» Task directions
The lines to reproduce from the material below are those from the one containing "A search-and-rescue team" through the one containing "Post Malone: His", both included; write them out exactly and add nothing.

» Data shown

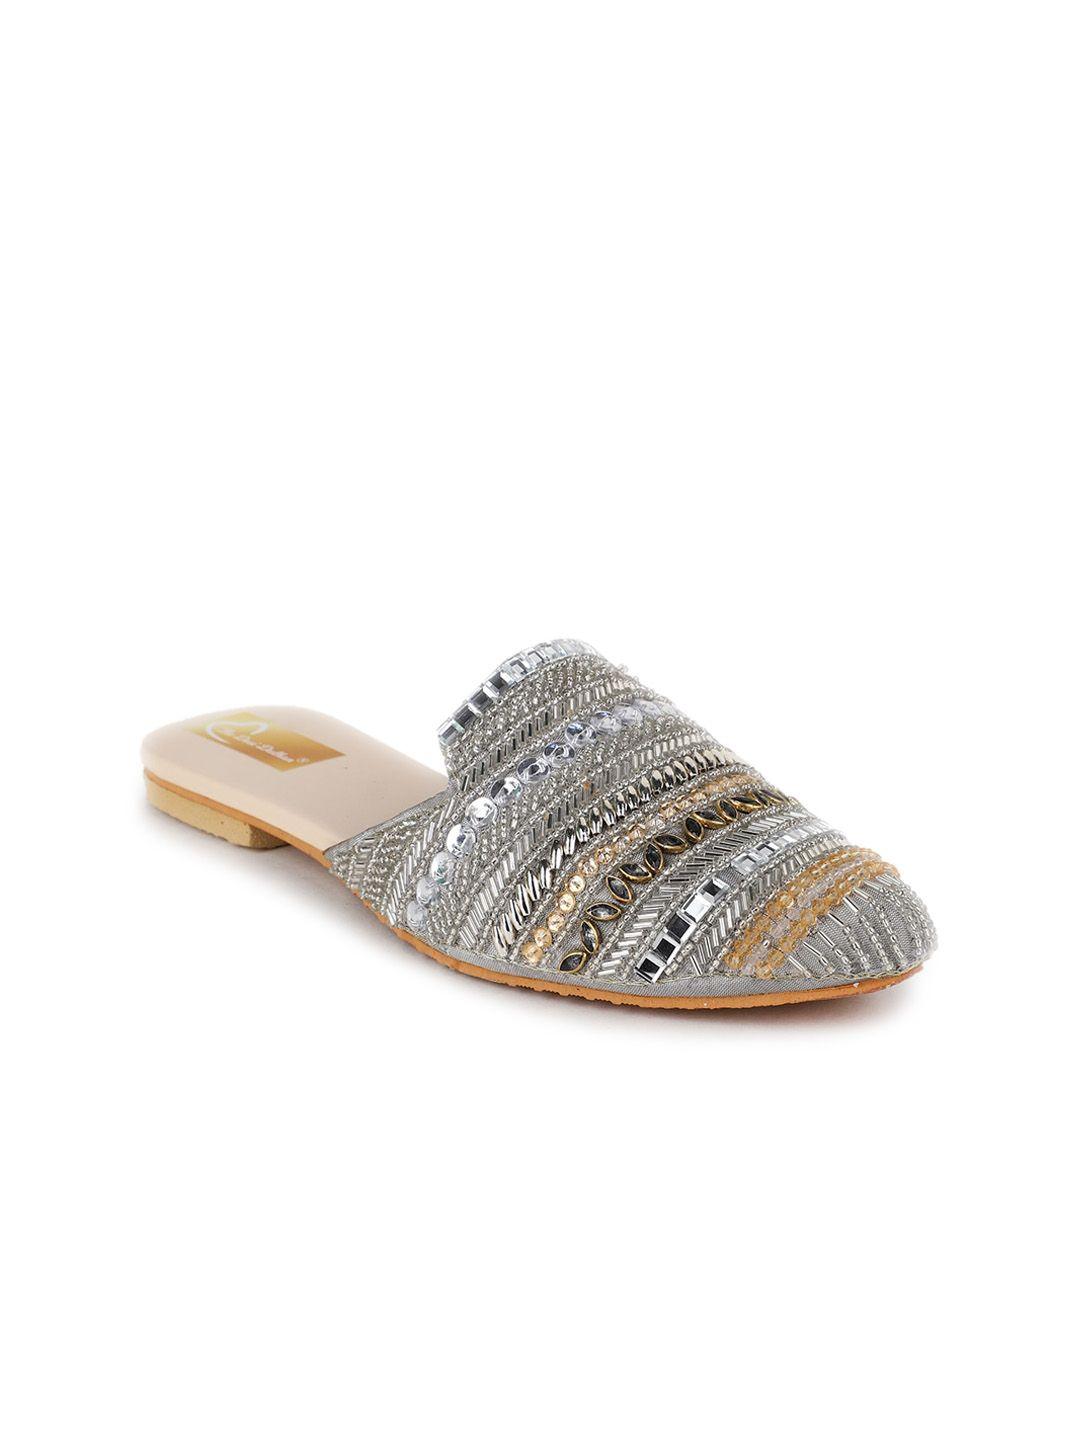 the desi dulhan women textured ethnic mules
==
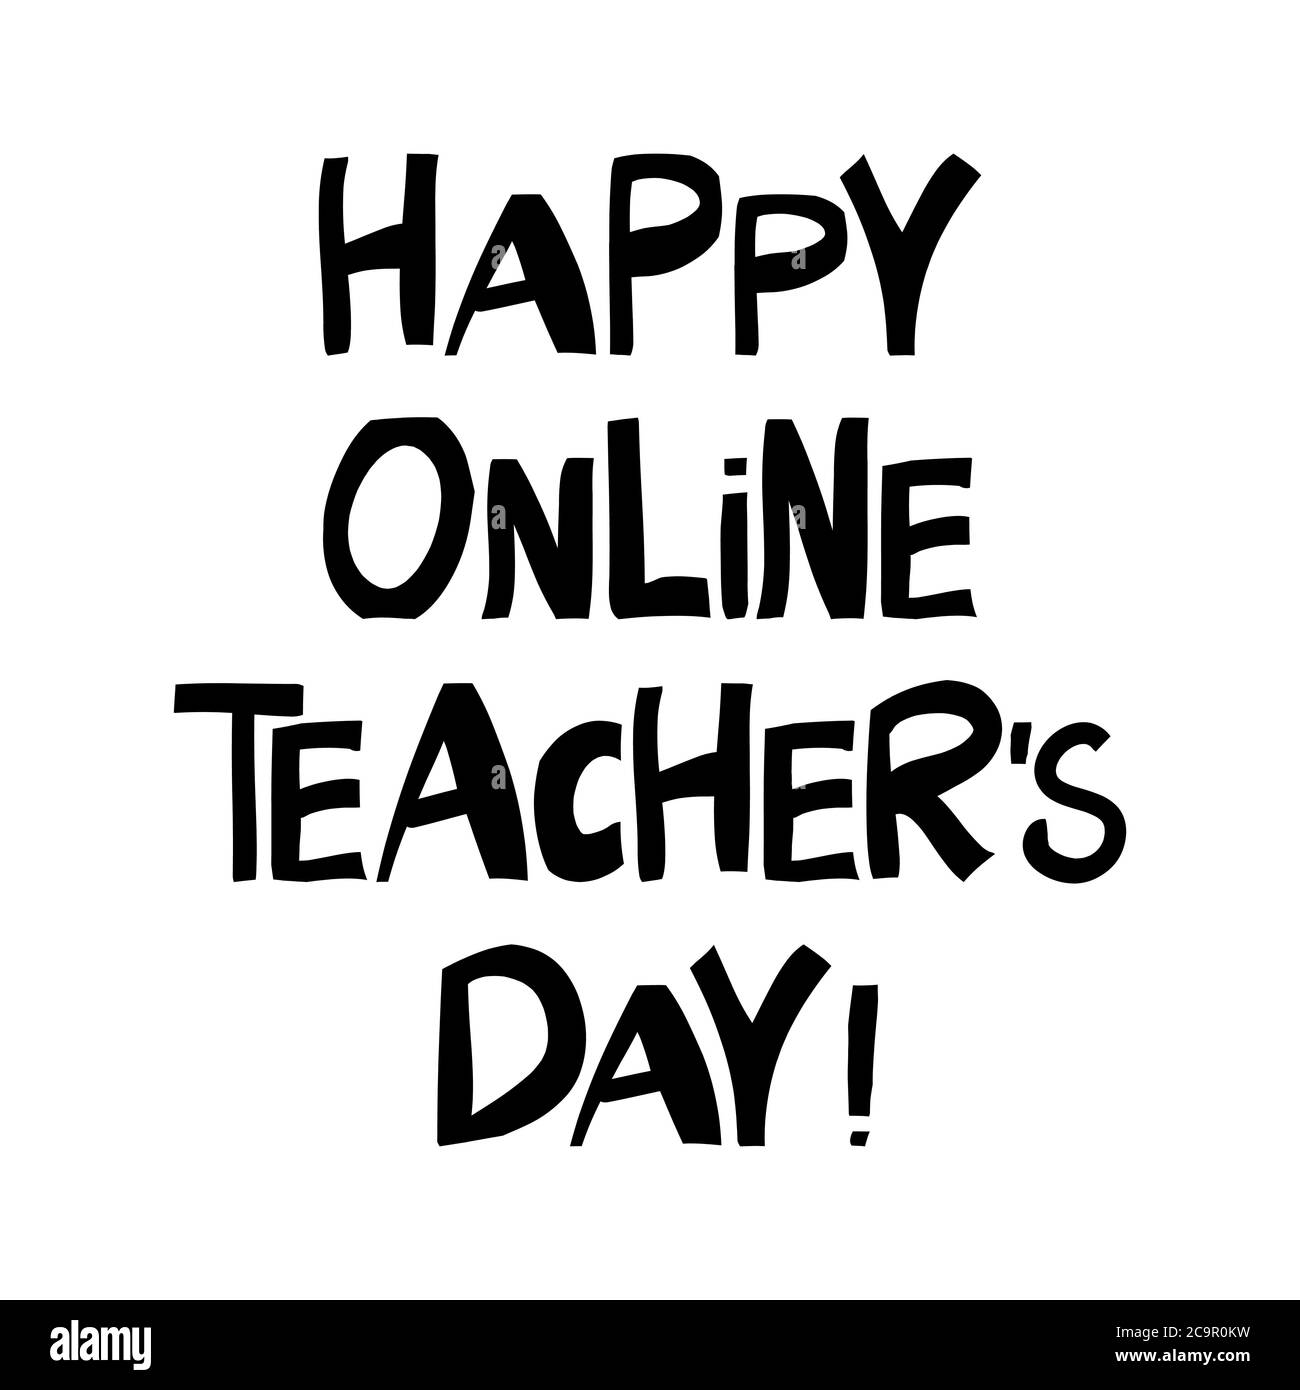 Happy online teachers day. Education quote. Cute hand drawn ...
--
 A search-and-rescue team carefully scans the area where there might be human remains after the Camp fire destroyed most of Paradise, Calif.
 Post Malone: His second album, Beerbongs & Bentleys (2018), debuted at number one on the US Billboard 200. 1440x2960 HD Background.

» Response area
 A search-and-rescue team carefully scans the area where there might be human remains after the Camp fire destroyed most of Paradise, Calif.
 Post Malone: His second album, Beerbongs & Bentleys (2018), debuted at number one on the US Billboard 200. 1440x2960 HD Background.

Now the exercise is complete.